Debenhams shares were suspended from trading on Tuesday morning, pending a further update later in the day.
The new offer was dismissed by Debenhams as "highly conditional" and was rejected in part because Mr Ashley wanted to take over as chief executive.
Debenhams is now widely expected to fall into administration with the retailer's lenders seizing control. That is likely to mean store closures and job cuts while shareholders including Sports Direct will see the value of their stakes wiped out.
.The pre-pack administration undertaken by the struggling department store chain will see its debt reduced and comes ahead of a wider restructuring which will see around 50 stores close via a Company Voluntary Arrangement.
It will also see a £200 million refinancing plan, announced in March, go ahead.
Mr Ashley's attempts to take control of Debenhams had become increasingly desperate, and over the weekend the businessman demanded the board be investigated, two members to undergo lie detector tests and trading in its shares to be suspended.
Laith Khalaf, senior analyst at Hargreaves Lansdown said the struggle between Mr Ashley and Debenhams' lenders for control was now almost over, with the banks likely to emerge victorious.

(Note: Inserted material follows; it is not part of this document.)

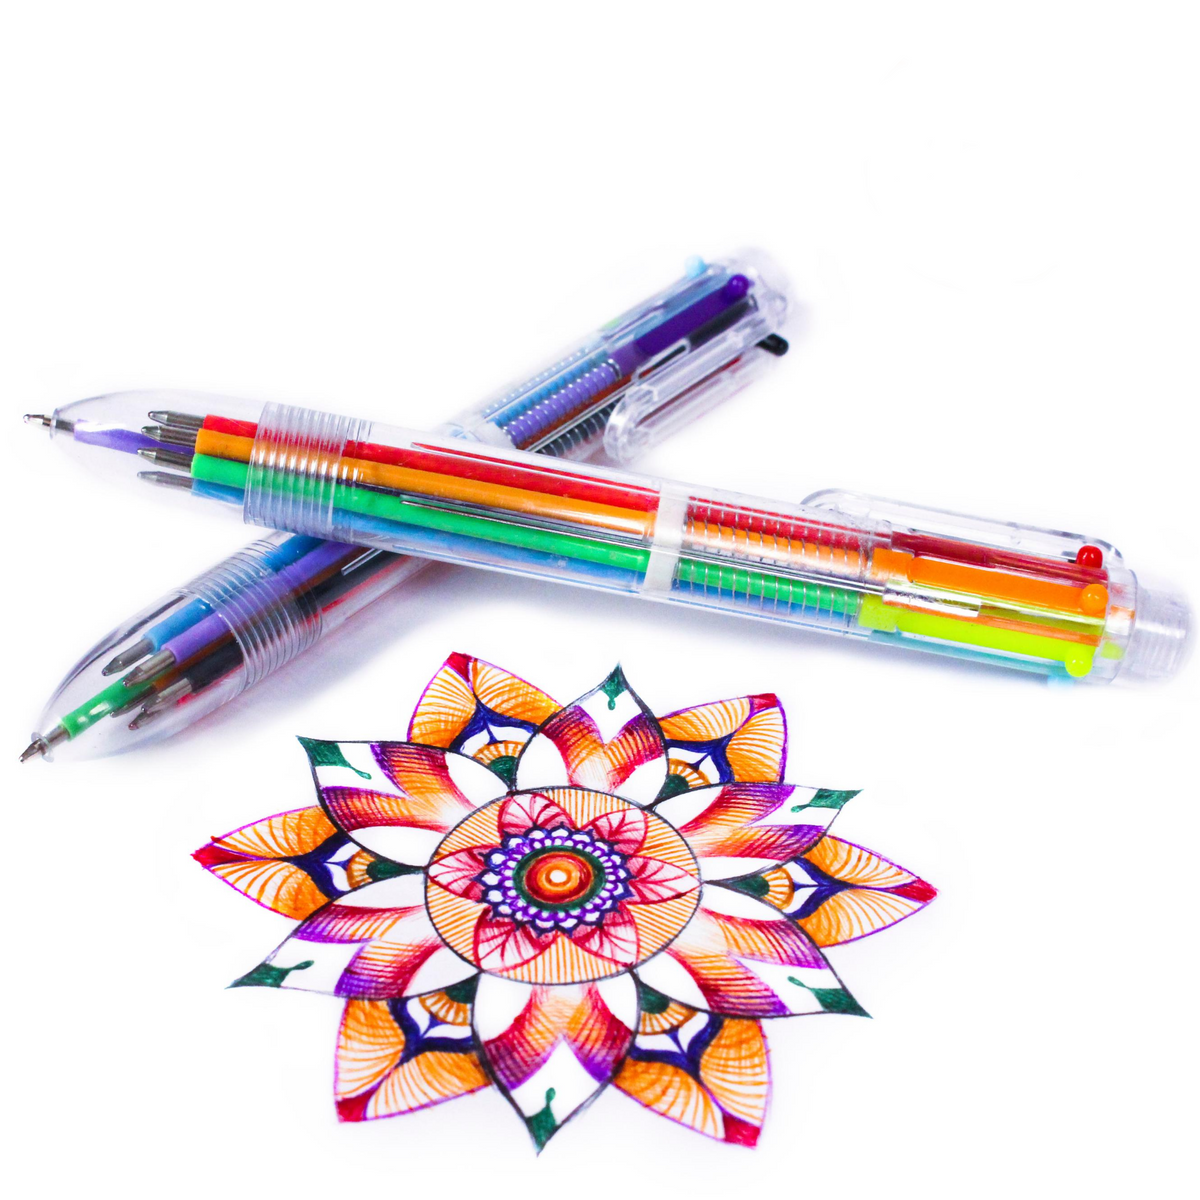 https://www.momjunction.com/wp-content/uploads/product-images/hieno-supplies-multicolor-pens_afl495.png

"Clearly the Debenhams board has a number of stakeholders to consider and has to make balanced judgements about their interests, including those of its staff.
"But this latest swift rebuttal suggests that Debenhams simply isn’t interested in what Sports Direct has to offer.
"Mike Ashley’s tactics haven’t exactly been conducive to a convivial negotiation between Sports Direct and Debenhams, but nonetheless the business proposition should be judged on its own merits.
"It looks like Mike Ashley has one final card to play, and that’s making a firm takeover offer for Debenhams. Even that seems unlikely to shift the retailer from the course it’s currently on, as it sounds like the department store is preparing to enter administration imminently.